Certificate of Dryness London
Following water damage or flood damage, we are able to provide a certificate of dryness, dry certificate, or dryness certificate, compliant with the IICRC S500 standard and reference guide for professional water damage restoration.
Fully insured and qualified, our team of applied structural drying technicians, thermal imaging damp survey specialists, damp mapping operatives, and water damage restoration technicians will attend and undertake the drying out certification process.
Our dryness certificate survey is a simple process whereby we use thermal imaging, ultrasound, and density mapping tools to determine what the moisture content levels should be, and what the moisture content levels actually are. On this basis, we can then compile a comprehensive data set that forms the dryness certificate which your insurance will need to facilitate the instruction of the restoration works.

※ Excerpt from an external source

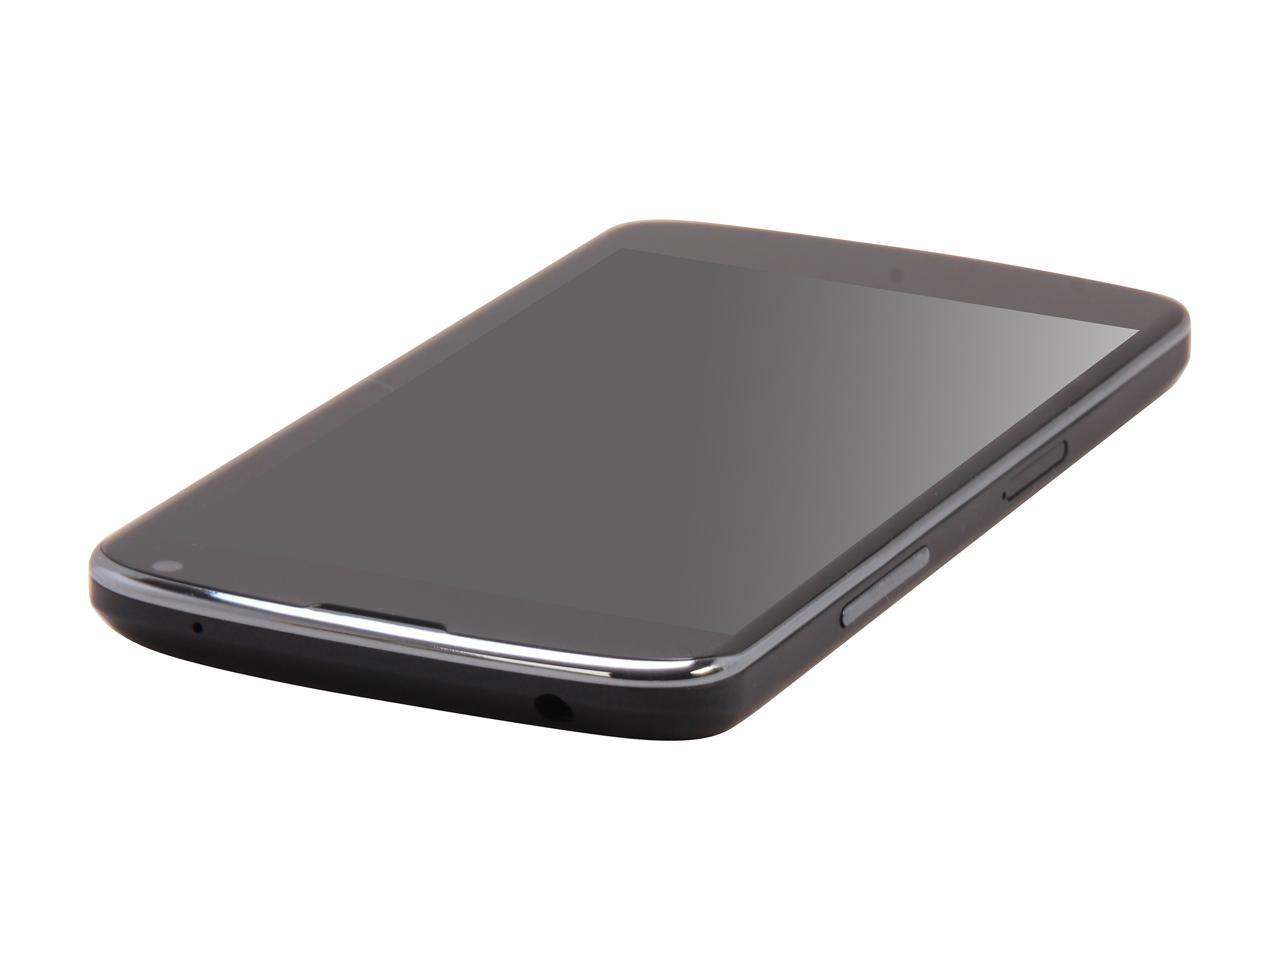 Konka SP9 4G Smartphone - Black | BIG W

A dryness certificate or certificate of dryness is absolutely essential to mark the successful end of the structural drying project and sign off the areas affected by water damage and damp, ready for the contractors to commence with the water damage restoration works. Contact us today for a for a certificate of dryness quote. We respond fast because we know that “water damage does not wait”.
Do I Need a Certificate of Dryness?
This is a question we get asked an awful lot. The answer is simply ‘yes’. Why? Because if you do not have one, you have no recourse. A certificate of dryness is an official document put together by an IICRC Water Damage Restoration Technician, Applied Structural Drying Technician, and Level 2 Thermographic Engineer which essentially constitutes an insurance backed guarantee (in the form of a report) that, at the time of attendance, the moisture content levels of the materials within an affected area have been professionally assessed and found to be at demonstrable acceptable levels of “dryness”. Only once you have your IICRC S500 compliant certificate of dryness will you be in a secure position to commence with the water damage restoration works.
How else will you know for sure and be able to retrospectively prove that everything had been dried to acceptable levels? If you go ahead and redecorate/ restore, put back in new floors, new furniture, your new kitchen, your new bathroom etc, and it then becomes musty and mouldy or damp again, you would obviously look to take action to resolve. This may involve contacting the builders who undertook the drying works or your insurer.
Your insurer will immediately ask you for proof that the premises were dried correctly and signed off by a qualified, competent party/ individual. If you do not have this evidence (a dryness certificate) then you may find the insurer rejects your claim for remedial works/ remedying the problem. Furthermore, you may find you have no recourse and are in a position whereby you have to dismantle and start again. On this basis, always get an IICRC S500 compliant certificate of dryness to prove your materials / property was dried correctly, to the correct standard, before you commenced with restorative works.
Where can I get an IICRC S500 compliant Certificate of Dryness?
At Building Response Ltd, we specialise dryness certification assessments, surveys, reports, and certification issuance. We use thermal imaging, ultrasound, density mapping tools, and calibrated damp detectors and humidity measurement tools to accurately establish what the moisture content of the materials and environment should be, and of course what the moisture content actually is.
We then put together a detailed report which will provide the essential security you need to move forward with your project and constitute a dryness certificate for all those materials found to be dry. All our dryness certificates or reports are insurance-backed.
The terms within a certificate of dryness report:
Certificate of Dryness: A Certificate of Dryness is a document that provides evidence that materials within an affected area have been professionally assessed and found to be at demonstrable acceptable levels of “dryness”.
IICRC S500: The S500 code refers to the IICRC S500 Standard and Reference Guide book for Professional Water Damage Restoration Technicians; professional standards for water damage restoration, providing proper restoration practices based on reliable principles, research and practical experience
Dry: For the purposes of a Certificate of Dryness, “dry” means within environmental and material dependent tolerance of a respective control measurement, therefore “wet” generally means anything outside tolerated levels of density differential in relation to respective control measurements. “Dry” generally means within 5% tolerance of a respective control measurement (up to 40%), and 3.2% tolerance thereafter; therefore “wet” generally means anything outside this range of tolerance, of a respective control measurement.
WMCE: Wood Moisture Content Equivalent. This is where readings have been taken using a protimeter (density measurement device) specifically designed for wood or density measurement, but only the comparative value has been used and therefore the result is purely qualitative, with a quantitatively accurate differential.
Observation Measurements: These readings represent the highest measurement recorded in a specific given material, usually recorded on, or immediately around, the densest area of observed water damage.
Control Measurements: The comparative numeric baseline reading for measured material surfaces, taken from an unaffected material of identical or as similar as possible composition, as close as possible to the affected area.